The Arab Democracy Paradox
MWANGI KIMENYI of Brookings in an article (The Arab Democracy Paradox) points out that the uprising in Middle East (ME) was not because of development failure—in many ways, they are actually development successes. In last year’s Human Development Report, five ME countries are in the top 10 in terms of overall improvements – Tunisia, Algeria etc. The advances are mainly in significant improvements in health and education.
American sociologist Seymour Martin Lipset said more than 50 years ago that the demand for democracy is a result of broader processes of modernisation and development. In the long run, it is very difficult for societies that have attained high living standards to tolerate living under autocratic regimes. However, in the ME case, it was not economic growth per se but improvement in social development that led to this movement.
The author says that the healthier and more educated youth were unwilling to be ruled by predatory elites. Hence, the protests were also mostly led by university-educated youth. Though these countries might take time to emerge as proper democracies, there is little chance that these countries will veer back toward authoritarian rule.
This is just the opposite of what others have been saying. For instance, Arvind Subramanian says that as these economies rely on natural resources and rents, that return to democracy will not really happen. It will be interesting to see how Arab World moves from here.
Did financial sector reforms in India lead to expansion of credit?
IMF economists POONAM GUPTA, KALPANA KOCHHAR & SANJAYA PANTH look at the impact of financial liberalization in India on banks’ portfolios (Bank Ownership and the Effects of Financial Liberalization: Evidence from India).
The paper has some amazing findings:
• Despite many years of reform, credit constraint remains a problem in India.
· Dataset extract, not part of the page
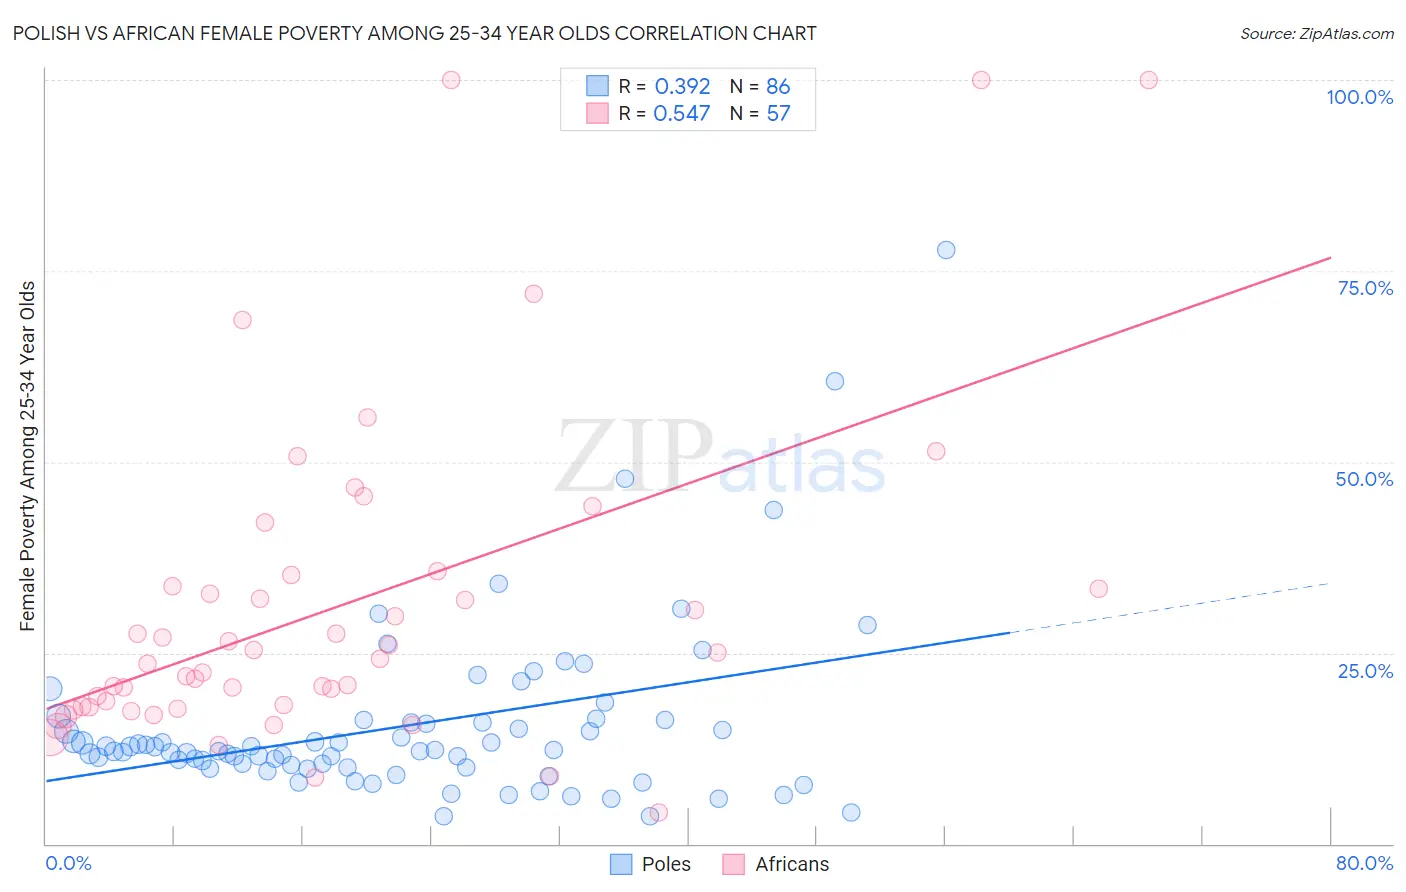 Polish vs African Female Poverty Among 25-34 Year Olds
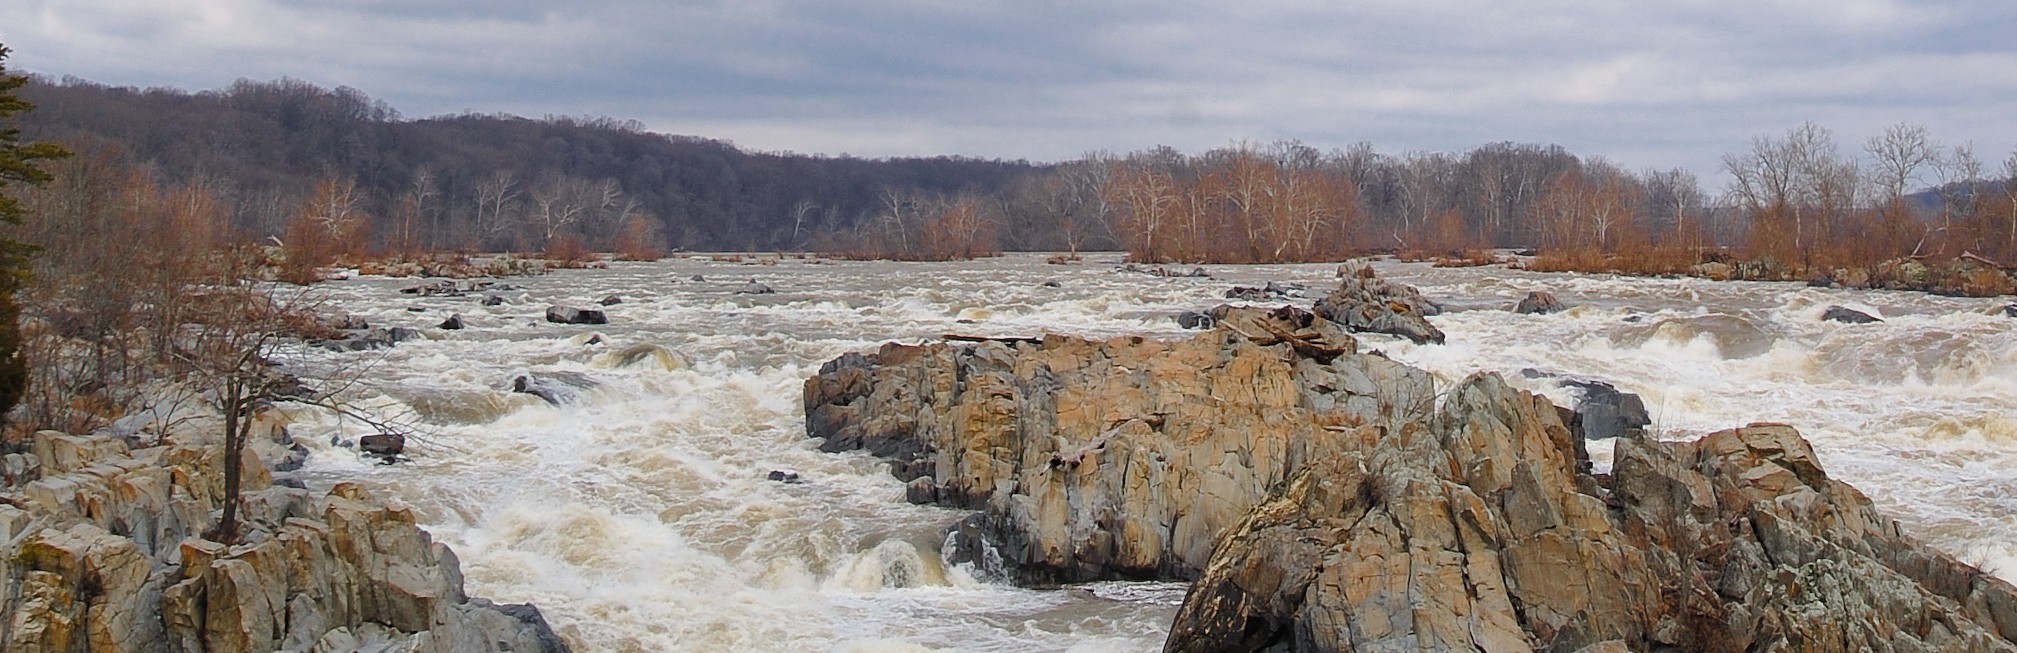 Wide=angle view of a very full Potomac river at Great Falls during winter. Bare trees are seen on both sides of the river.

• The banking system is dominated by public sector banks (PSB). Despite lower Statutory Liquidity Ratios (SLR), PSBs allot larger investments in government bonds (G-secs).
• Moreover, the investment in G-sec rises with rise in fiscal deficit, implying that PSBs kind of take it upon themselves to fund the fiscal deficit.
• PSBs do not hold higher G-secs for risk management. The reasons are incentive system in PSBs where a high risk loan turning into default could lead to government enquiry. Also perhaps there is moral suasion coaxing PSB officials to hold higher bonds to finance fiscal deficits.
• Earlier research showed how large fiscal deficit could lead to private sector crowding out as government absorb majority of the domestic savings. This research shows how PSB could deploy domestic savings to park most monies in G-sec indirectly leading to additional crowding out of private sector.
The paper shows another fallout of high fiscal deficits, and links it interestingly to PSBs. Authors conclude that government ownership of banks combined with high fiscal deficits may limit the gains from financial liberalisation for developing economies.